Arrowhead Stadium cleared of snow for Chiefs vs Colts playoff game
Champagne. Cookie “bouquets.” A bronze sculpture of the late Kansas City Chiefs founder Lamar Hunt Sr.
These were some of the dozens of line items that a Missouri Department of Revenue tax auditor red-flagged on an inventory of purchases the Chiefs made and should have paid taxes on during the $375 million renovation of Arrowhead Stadium a decade ago. Taxpayers paid for the lion’s share of the project — $250 million — through Jackson County sales taxes.
While the team eventually agreed that it didn’t deserve sales tax breaks on things like sweets and bubbly, the organization went to the mat defending its right to escape taxes on hundreds of items it bought to outfit the new Arrowhead. And the team’s landlord, the Jackson County Sports Complex Authority, agreed, having provided the team with permission to avoid the tax payments.
But on Tuesday, an obscure state panel that sorts out disputes with state agencies in Missouri said the team and sports authority were wrong. In its ruling, the Administrative Hearing Commission said the Chiefs were obliged to pay $930,000 in back taxes plus interest.
The Chiefs could have easily owed more. The commissioner who wrote the decision, Sreenivasa Rao Dandamudi, said he would have been inclined to increase that amount for taxes that should have been paid on other purchases, specifically those the Chiefs used to outfit Arrowhead’s Hall of Honor and Children’s Learning Center. But because of a classification error by the revenue department, he was unable to do so.
He said those $1.3 million in purchases should have been subject to sales tax because the primary vendor for that part of the project, Ghostfire Design Inc., is based in Missouri. However, the revenue department had assessed use taxes instead, which are taxes paid on purchases of things bought out of state.
“This commission is unable to hold the team liable for sales taxes on purchases from Ghostfire without a (tax) assessment” by the department of revenue, Dandamudi wrote in the conclusion of his 29-page decision.
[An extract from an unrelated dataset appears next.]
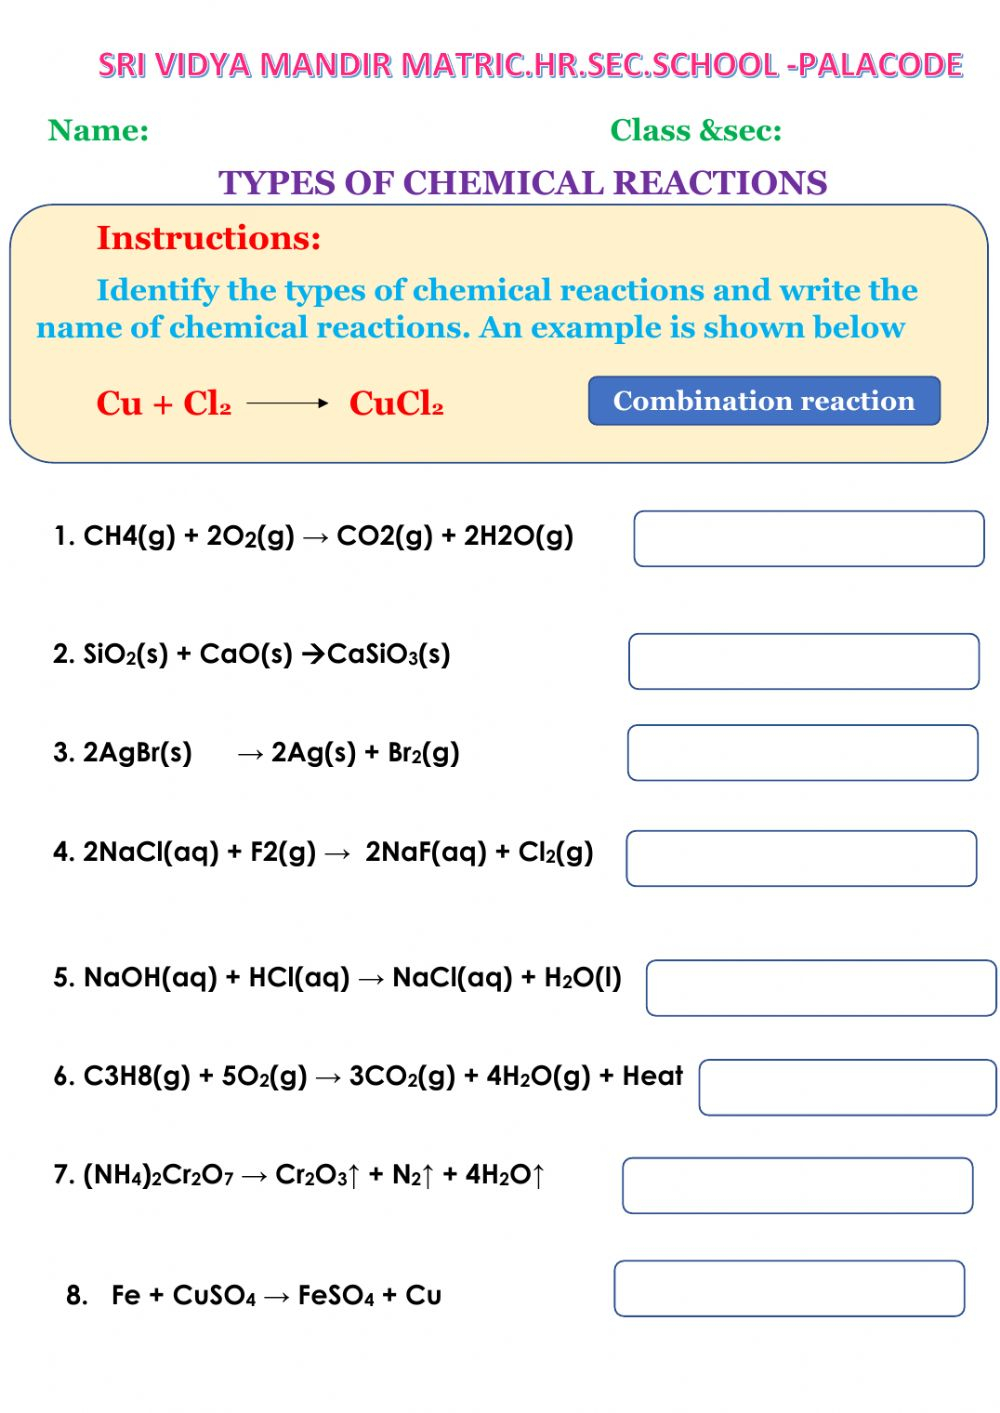 Identify Types Of Chemical Reactions Saferbrowser Yahoo Image Search Chemistryworksheet

The case stems from a 2014 audit in which the revenue department challenged sales tax exemptions on $23 million in purchases that the department said were “improperly claimed” between 2008 and the project’s completion in 2010. The state auditor, Mary Winkert, challenged items that she and her superiors maintained were meant to further the Chiefs own business interests rather than the public purpose of fixing up the stadium
Winkert discovered the Chiefs purchased things tax free that ranged from the picayune — leotards for cheerleaders, autographed footballs, a framed jersey of Buffalo Bills Hall of Fame running back Thurman Thomas — to more substantial assets like weight-lifting equipment, televisions and lockers for practice facilities. That’s all according to her sworn affidavit submitted as evidence in the case.
The Chiefs appealed the state’s ruling and the $1.8 million in delinquent taxes and late fees that the state said the team owed at the time.
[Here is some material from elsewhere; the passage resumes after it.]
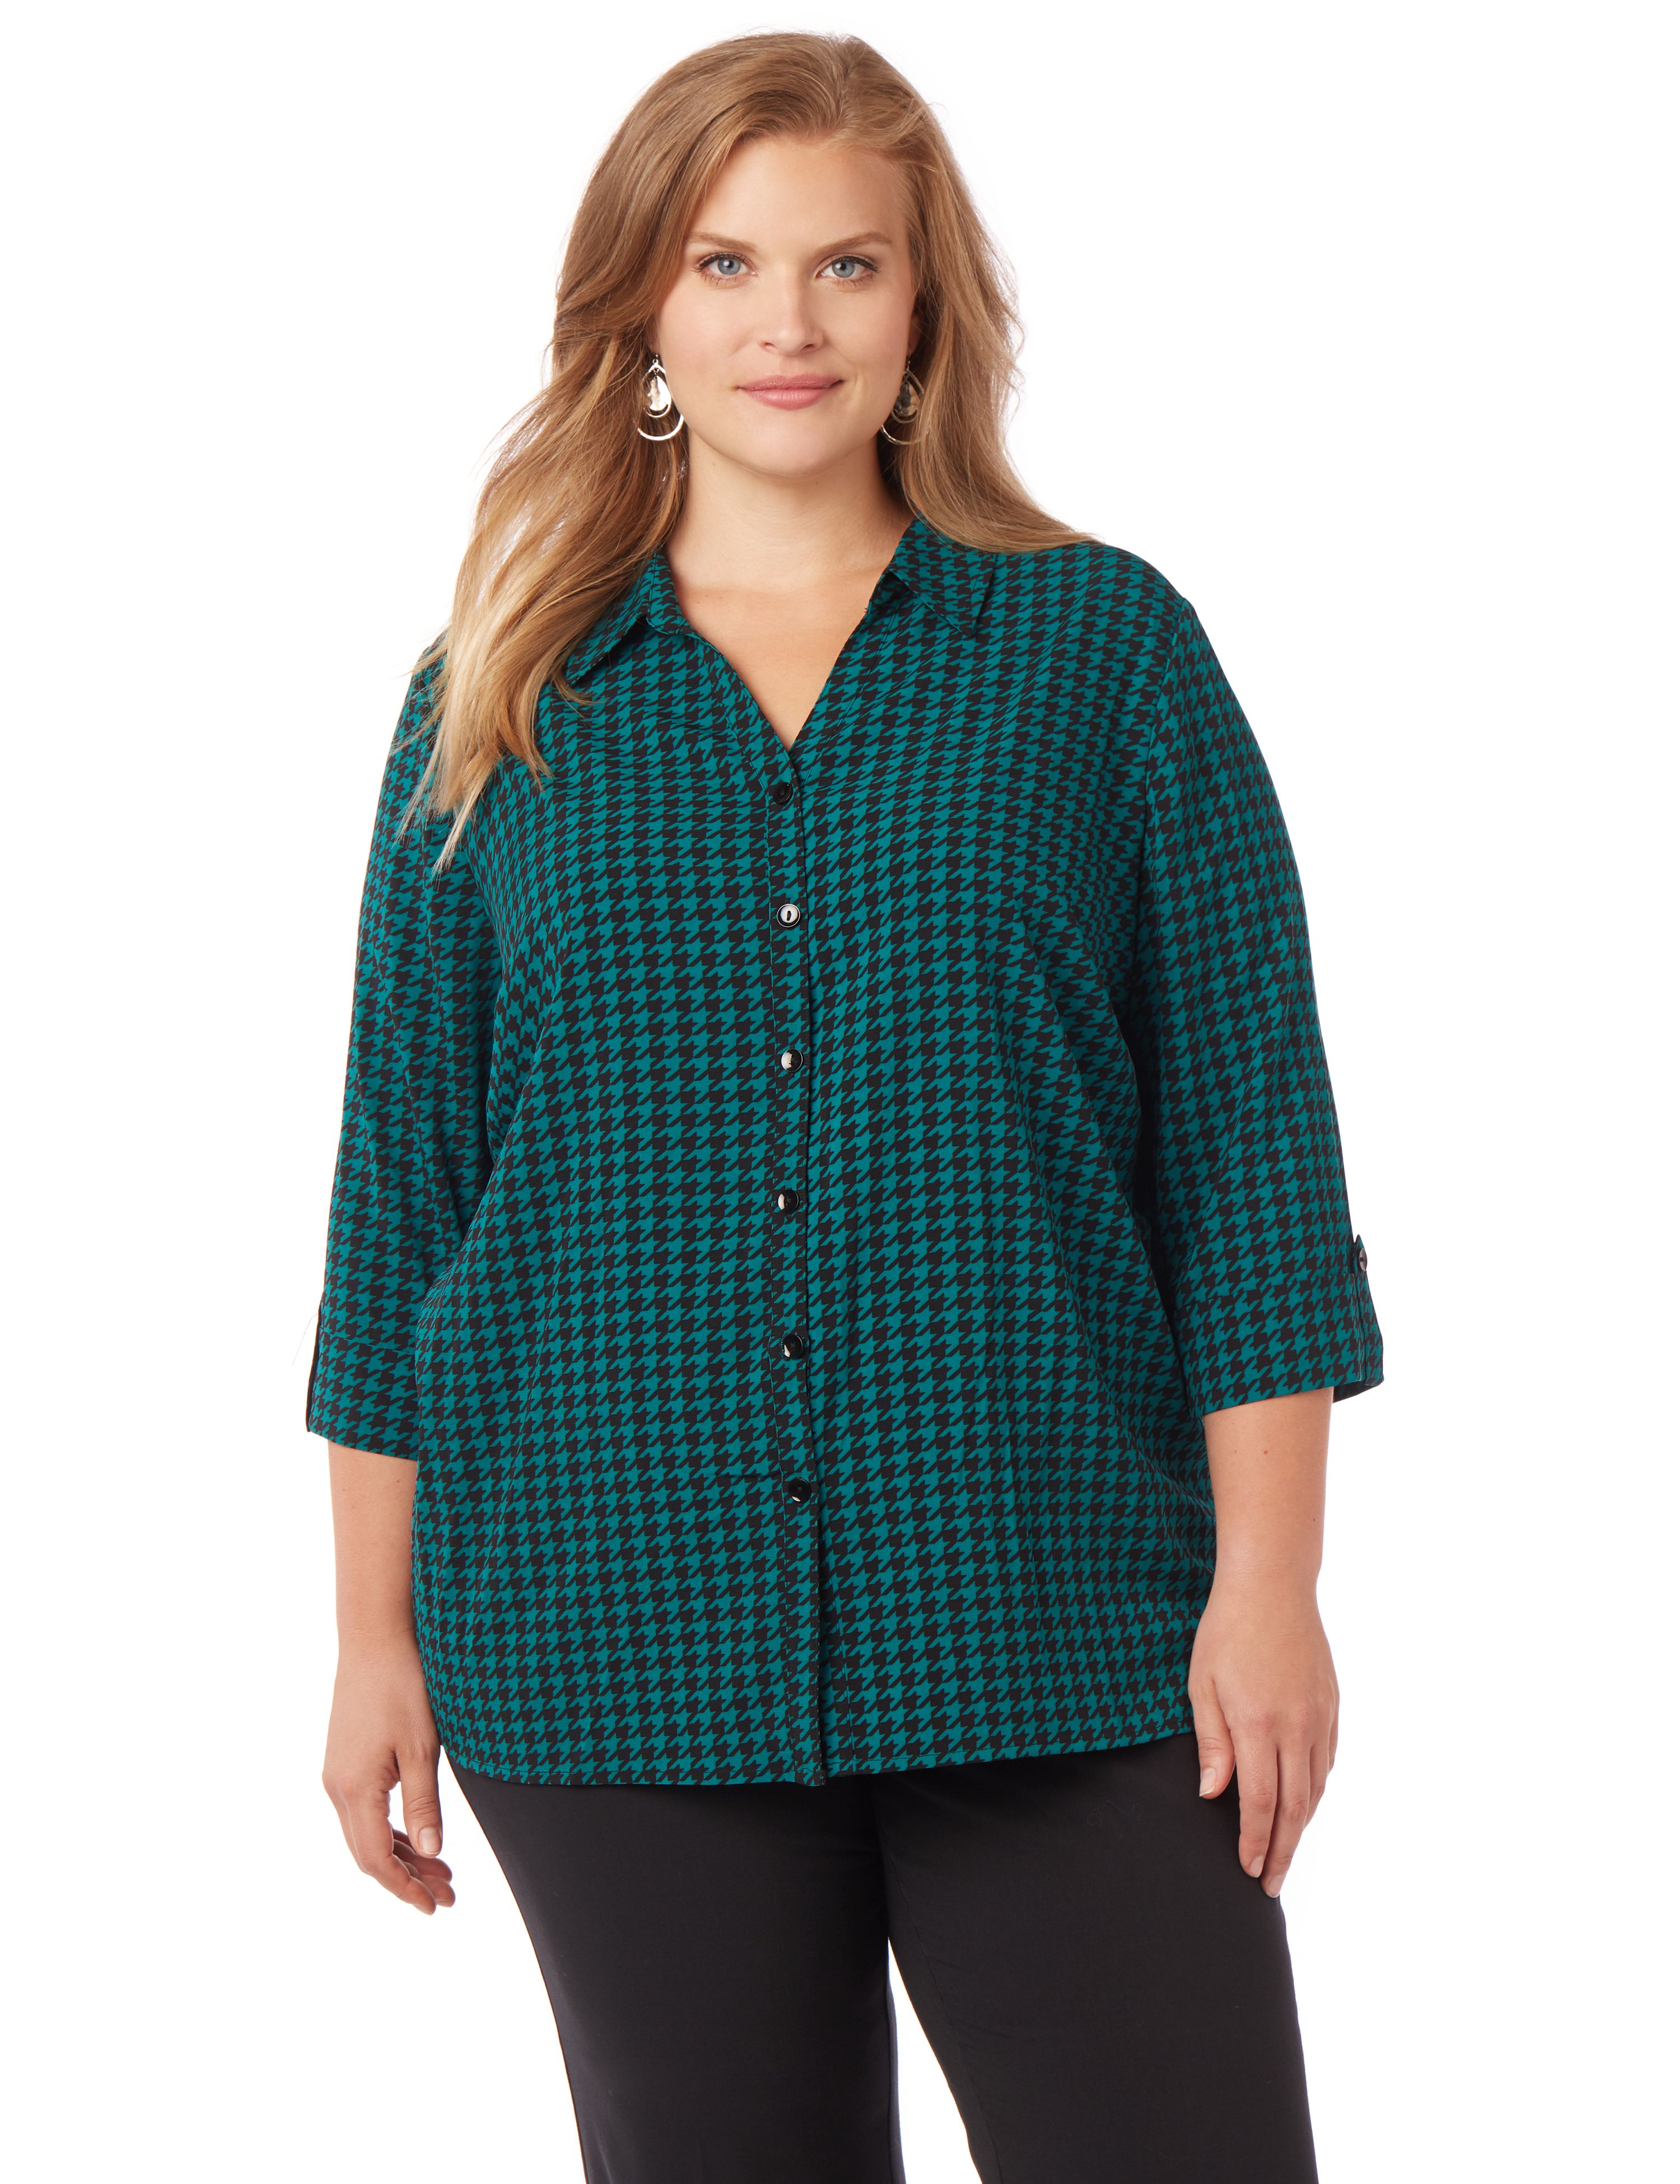 Plus Size Clearance Assortment | Catherines

The case dragged on for three years before a formal hearing was finally held in the fall of 2017.
At times, it was an acrimonious process. Winkert, who is now retired, said in a sworn affidavit that the Chiefs had agreed with the Department of Revenue’s conclusions on several of the items her audit scrutinized. But as she prepared to wrap up her audit, the Chiefs outside lawyers got involved and told her the team would not pay any of the audit findings, Winkert wrote in her affidavit.
Later, attorneys for the Department of Revenue sought sanctions against the Chiefs for dragging out proceedings before the Administrative Hearing Commission.
Last March, final legal briefs were entered into what by then was a voluminous public record amounting to tens of thousands of pages of legal arguments and supporting evidence.
The decision does not necessarily end the case. Even before the ruling, the expectation on both sides was that a court challenge would likely follow as the case, at least as far as the Chiefs were concerned, was based as much on principle as it was on the money at stake. The team announced Tuesday that it planned another $10 million in stadium renovations ahead of next season.
“It’s primarily boiled down to that, yes,” the Chiefs’ lead attorney on this matter, Greg Gerstner, a shareholder at the Seigfreid Bingham law firm, said on Monday, before the decision was made public Tuesday afternoon. He said Tuesday the Chiefs were likely to appeal. The revenue department has previously said it would not comment on pending litigation.
Indeed, the amount of money at stake would seem a small sum for an NFL franchise said to be worth more more than $1 billion and whose highest paid player received $16 million this past season.
The renovation of Kauffmann and Arrowhead stadiums was a partnership between the teams and Jackson County residents, who in 2006 approved a three-eighth percent sales tax to fund the majority of the work, such as wider concourses and improved seating.
The Royals and Chiefs each agreed to spend money on the extras, which in the case of the Chiefs included more suites and new administrative offices.
The Chiefs contended that, but for a few exceptions, every dime of the $125 million the team kicked in went for things that should have been exempt from sales taxes, in part because the money went into a common construction fund controlled by the sports complex authority and, therefore, were county funds.
But the revenue department argued, and the administrative hearing commission agreed, that in reality the team’s funds were walled off from taxpayers’ and under the team’s control.